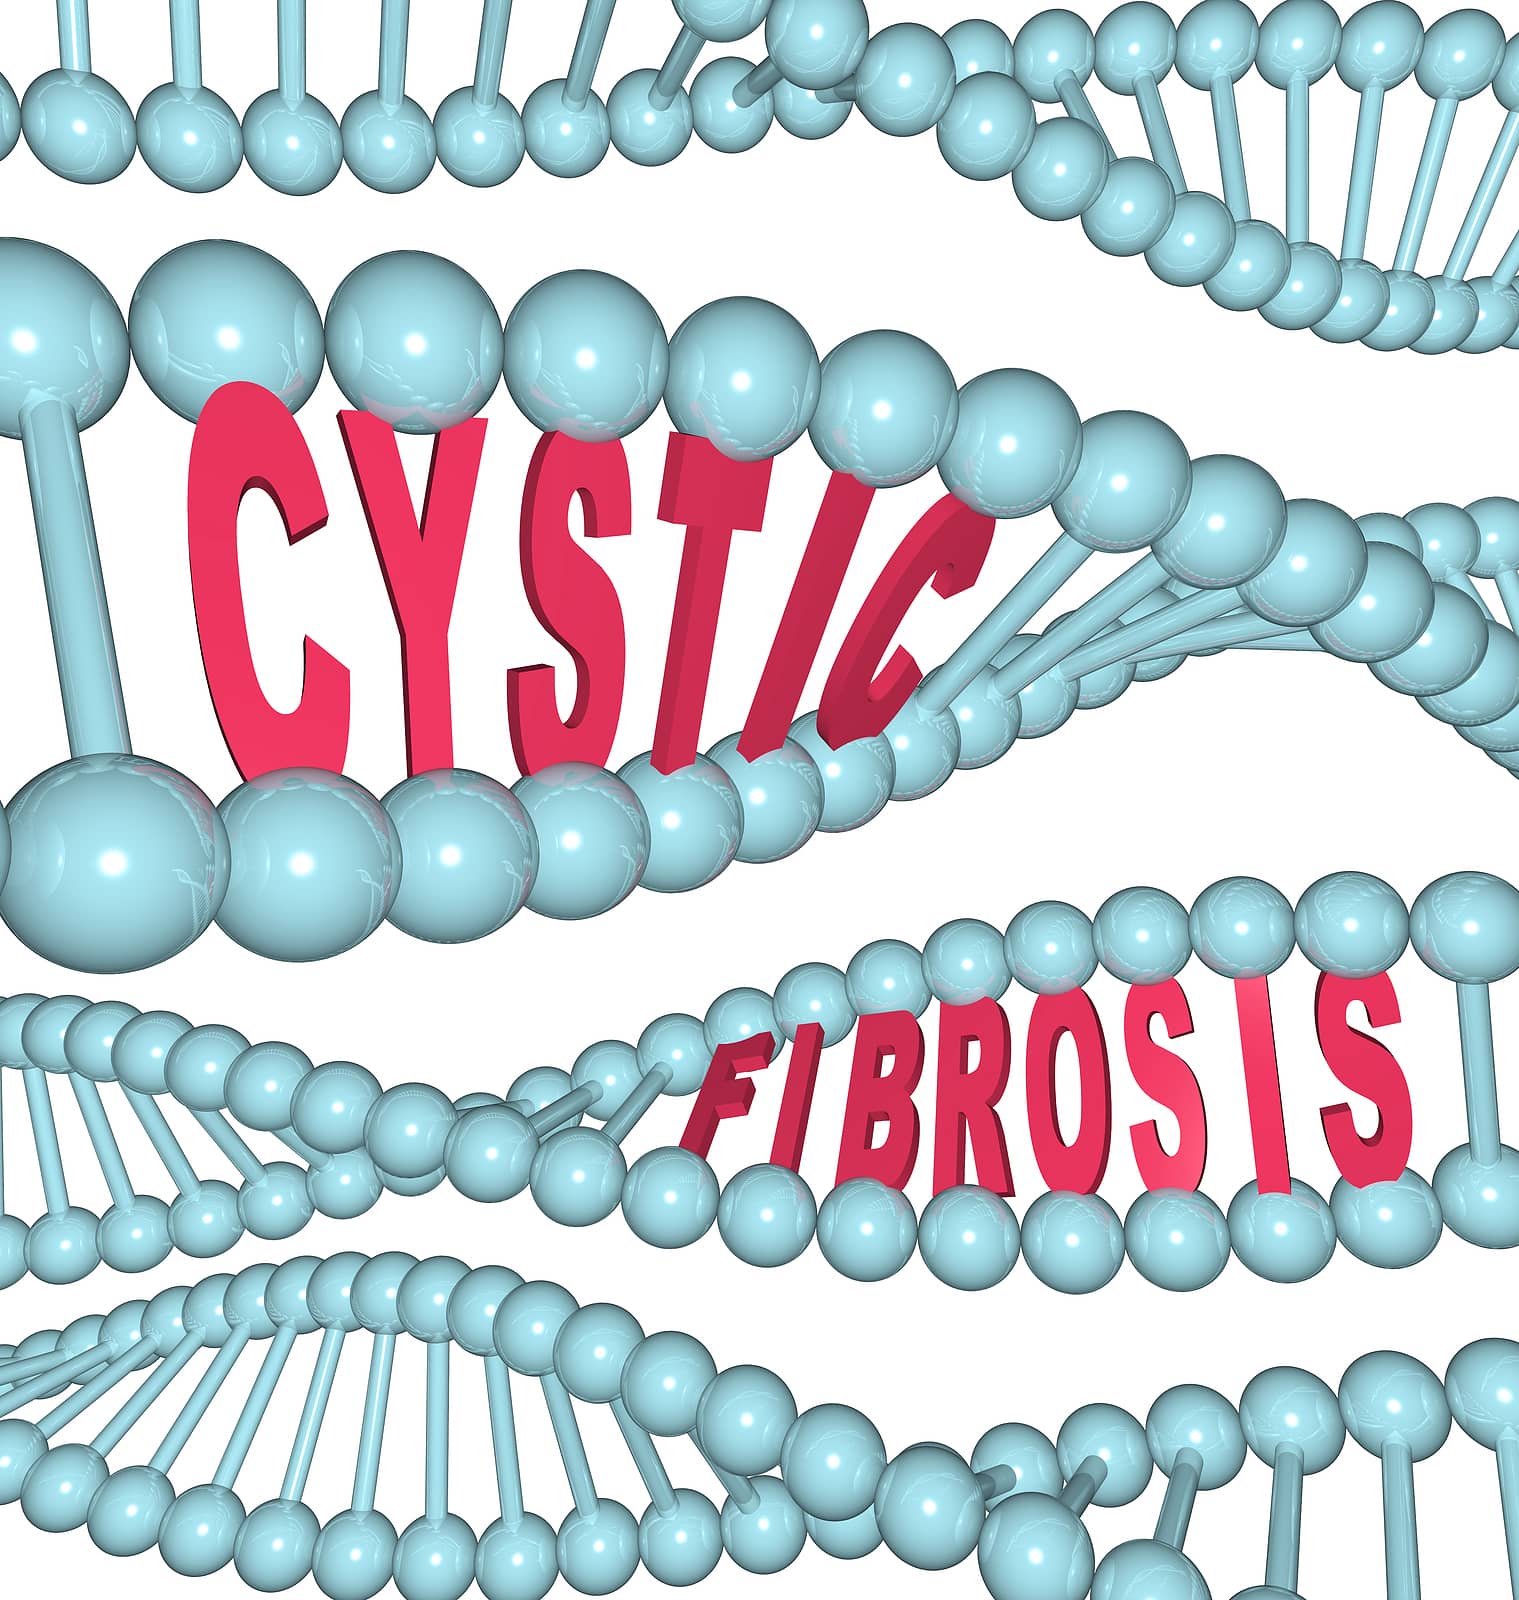 Medicare Coverage for Cystic Fibrosis
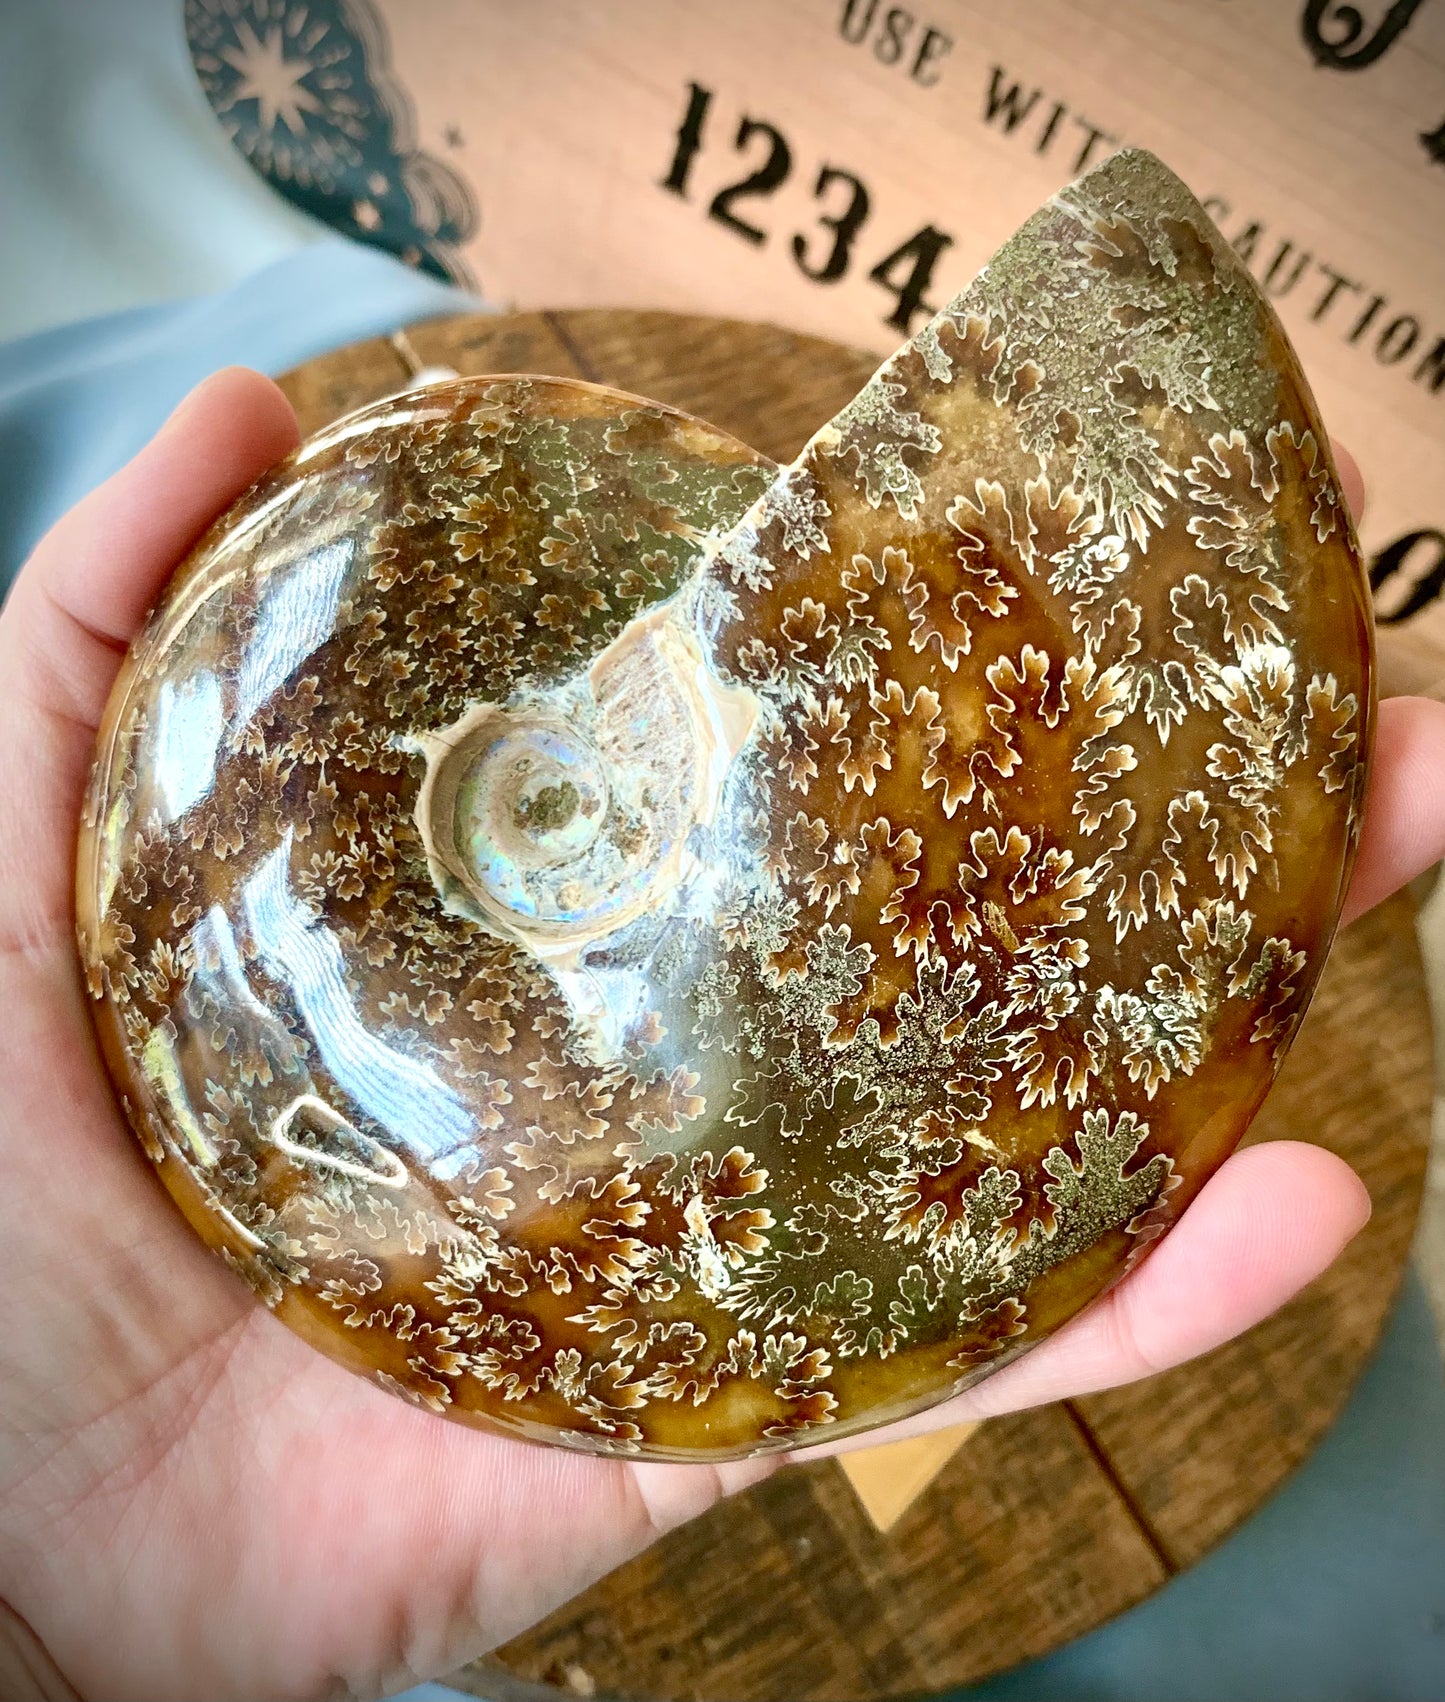 whole opalized ammonite fossil
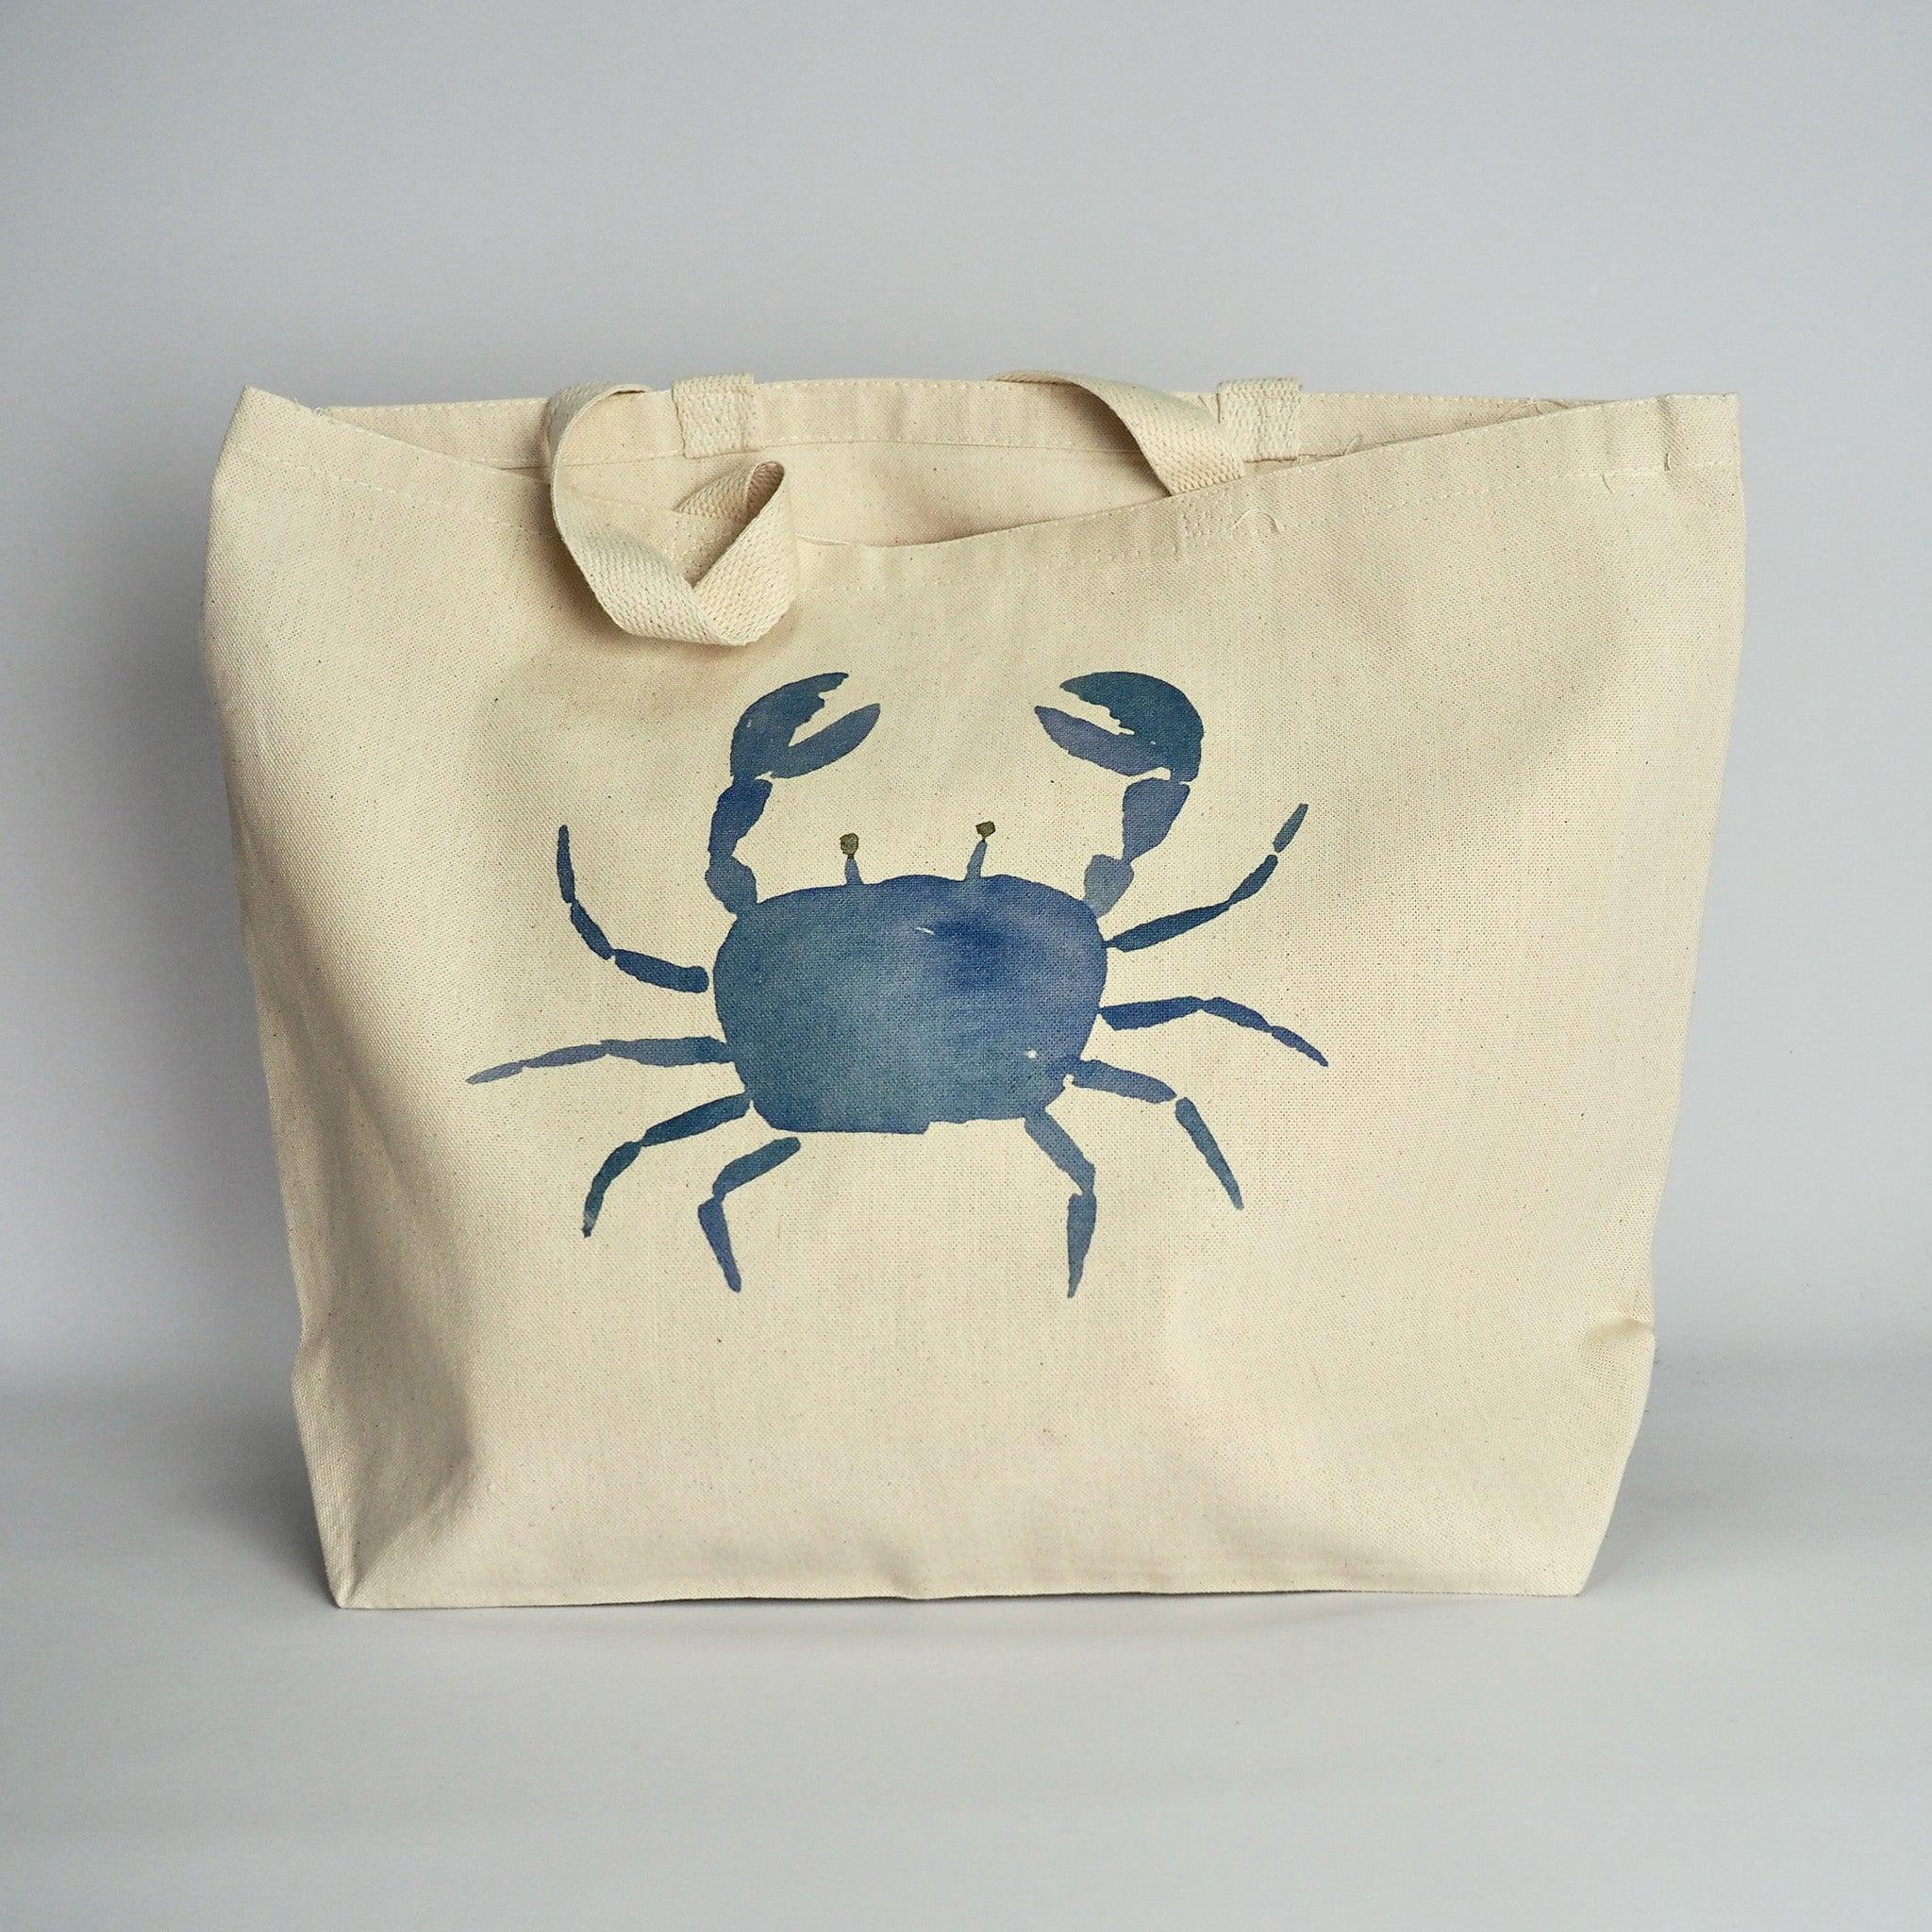 XL Canvas Tote Bag with a fun crab print design on front in blue and with handles folded over.

# # #

■ **Task requirements**
Retype the full listing above precisely. Exclude each picture you find in it.

■ **Exercise answer**
 Medicare Coverage for Cystic Fibrosis
 whole opalized ammonite fossil
 XL Canvas Tote Bag with a fun crab print design on front in blue and with handles folded over.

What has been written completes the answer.